Леха, услыхав столь великую истину, даже перестал метать в себя корм и, пригорюнившись, хватанул еще водки. Машинально.
– Что ж мы, такие-сякие, несчастные да бесхозные! И сами-то альфонсы не альфонсы. И живем-то с приживалками не приживалками.
– Тебя окрутят, а ты не женись! – Несгибаемый философ Никита достал «Беломор» и вопросительно посмотрел на хозяина.
Тот отрицательно покачал головой:
– Все, что угодно, мужики, вплоть до свального греха с пришлыми сестренками. Но табачища дымного – ни-ни! Лешка вон знает, сам не курю, и воздух стараюсь держать чистым хотя бы у себя в хате. Да и курите-то, срамота глядеть, чистую бормотуху. Ну что ты трясешь «ронсоном», пижон? А ты, Попчик! Можно сказать, конструкторский гений, без пяти минут нобелевский лауреат, а сколько тебя помню, одну «Приму» смолишь! Примат ты и есть примат. Марш вон в кусты, в овсы. Или… эх, гулять, так широко. Загаживайте мой озонированный балкон, чего там!

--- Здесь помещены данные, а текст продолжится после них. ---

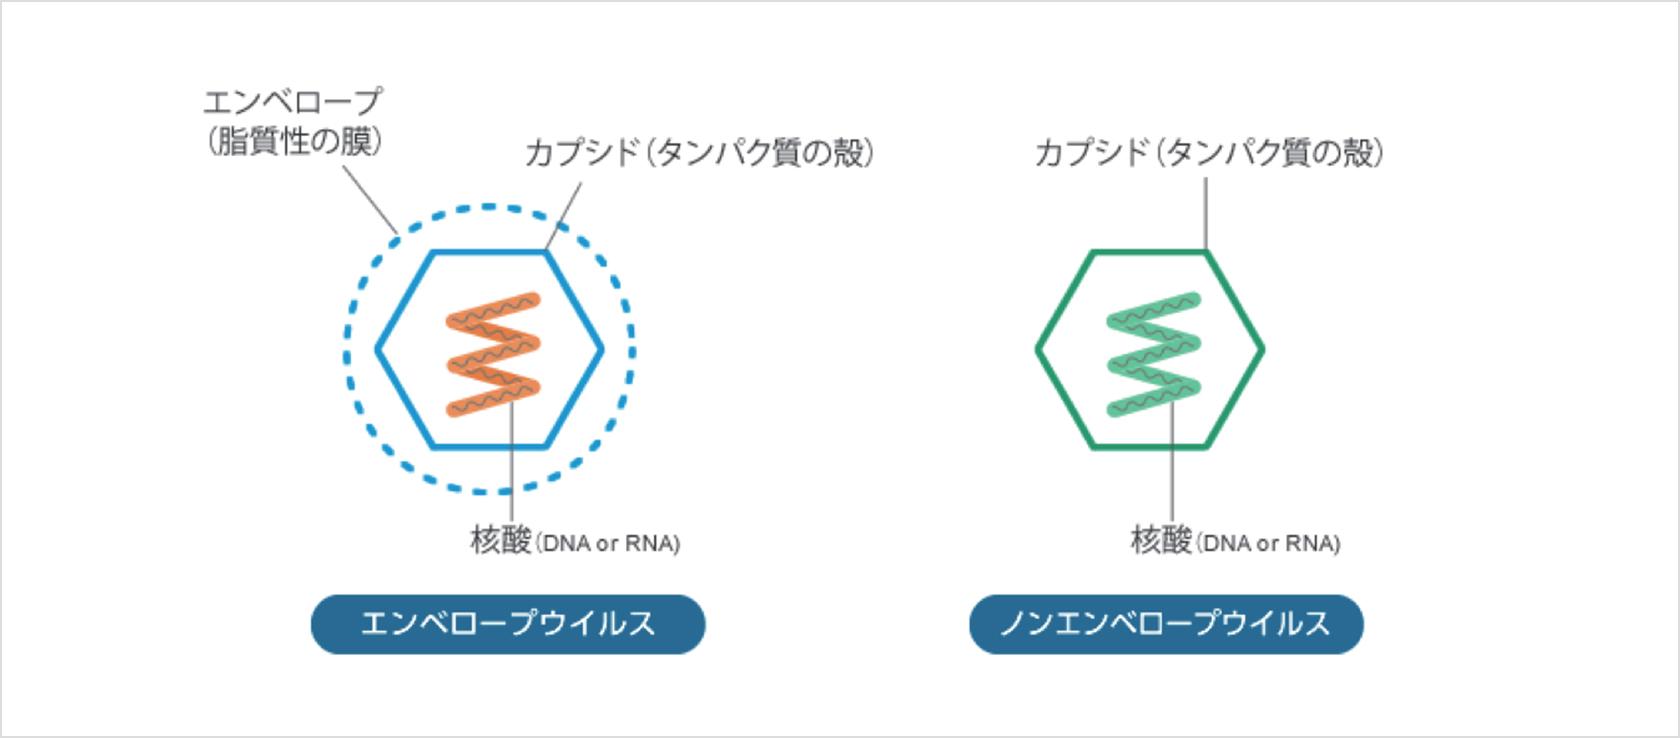 光触媒による抗ウイルスメカニズムの特徴

Ничуть не пристыженные хозяйской тирадой курцы-огурцы, пряча лукавые усмешки – Никита в усы, Леха в кулак, – двинулись на балкон.
Илья почесал репу, да и мотнул следом.
На балконе Добрынин вытянул из пачки нестандартно длинную папиросину, зачем-то понюхал и плавно помахал перед носом Муромского наподобие дирижера-любителя.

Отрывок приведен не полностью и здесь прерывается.